The Teamsters union has served Canadian National Railway (CN) with a 72-hour strike notice, hours after saying it was taking down picket lines and workers were returning to the job.
“Please find this letter as official notice to the company of our intention to withdraw the services of our combined membership of approximately 6,500 members,” reads the notice sent to CN on Friday morning by the Teamsters Canada Rail Conference.
The notice says that the union does not believe any of the ongoing issues between the railway and the Teamsters to be “insurmountable” and that it remains open to negotiating with the company in order to prevent any “further work stoppage.”
The strike notice comes after months of increasingly fraught contract talks between the Teamsters and Canada’s two biggest railways, CN and Canadian Pacific Kansas City (CPKC).
CN issued a statement Friday afternoon saying that while it remains focused on getting its network back up and running, “the Teamsters are focused on returning to the picket line and shutting down the economy, impacting people and jobs across the country.”
The Teamsters union has served Canadian National Railway with a 72-hour strike notice, hours after saying it was taking down picket lines and its workers were returning to the job.
Speaking in Calgary, François Laporte, the president of Teamsters Canada, said the company’s demands would have broken the union’s collective agreement and that its priority is to ensure union members have “decent and reasonable working conditions.”
“We believe in fair and honest bargaining and that’s what we want, we want a fair and honest bargaining with the company,” he said.
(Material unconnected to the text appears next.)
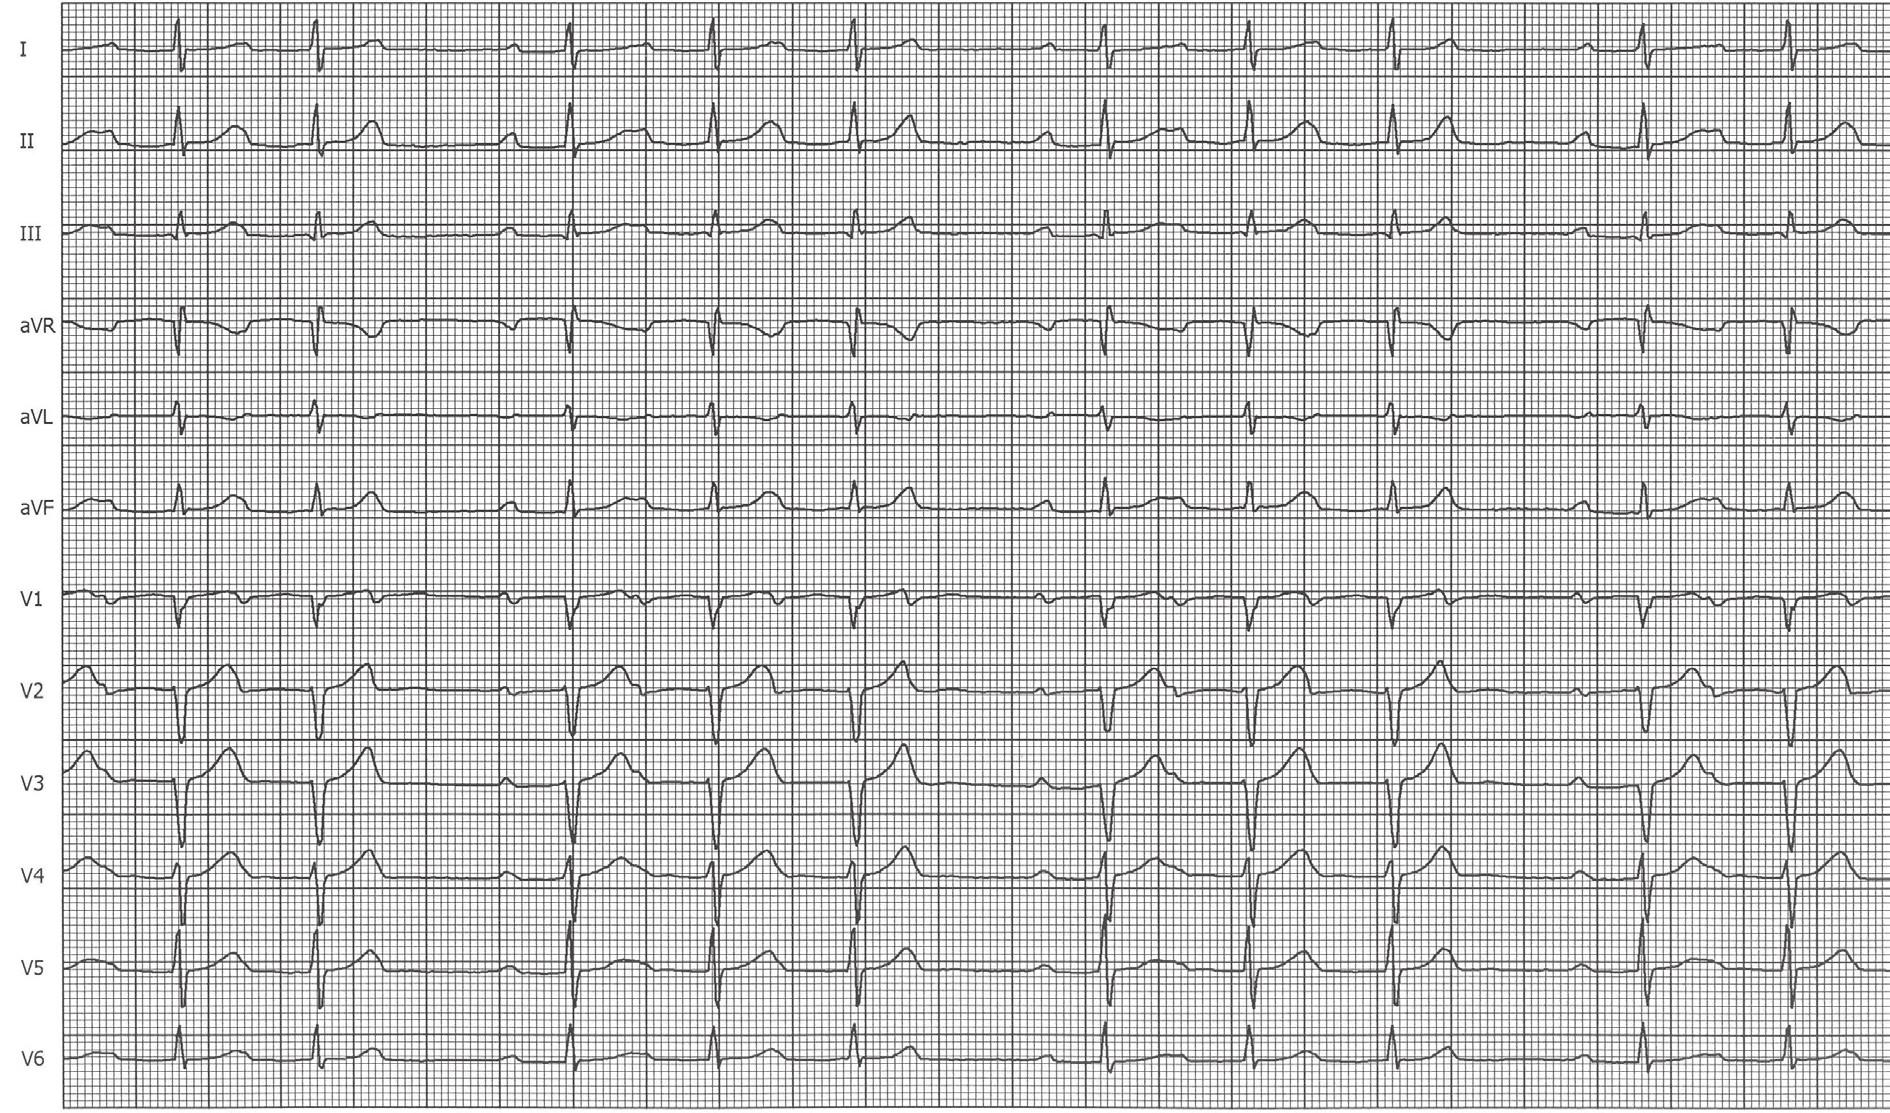 EKG křivka po provedené ablaci

Both companies locked out their 9,300 engineers, conductors and yard workers just after midnight Thursday after failing to reach deals with the union by a Thursday deadline. CPKC’s 3,500 workers went on strike at the same time.
The unprecedented work stoppage prompted federal Labour Minister Steven MacKinnon to refer the dispute to the Canada Industrial Relations Board (CIRB) to impose binding arbitration, under Section 107 of the Canada Labour Code.
It is now up to the CIRB to decide how best to settle negotiations and whether that requires binding arbitration.
“It’s not in the powers of the minister, it’s in the powers of the board,” said Gilles LeVasseur a business law professor at the University of Ottawa.
In order for the CIRB to impose binding arbitration, it must justify it as the only way of dealing with the dispute.
The CIRB must also “justify that the economic situation impacts the public to sustain that arbitration requirement,” said LeVasseur.
CPKC said it was prepared to discuss the resumption of service at a meeting with the CIRB, but the union refused and said it intends to make submissions to challenge the…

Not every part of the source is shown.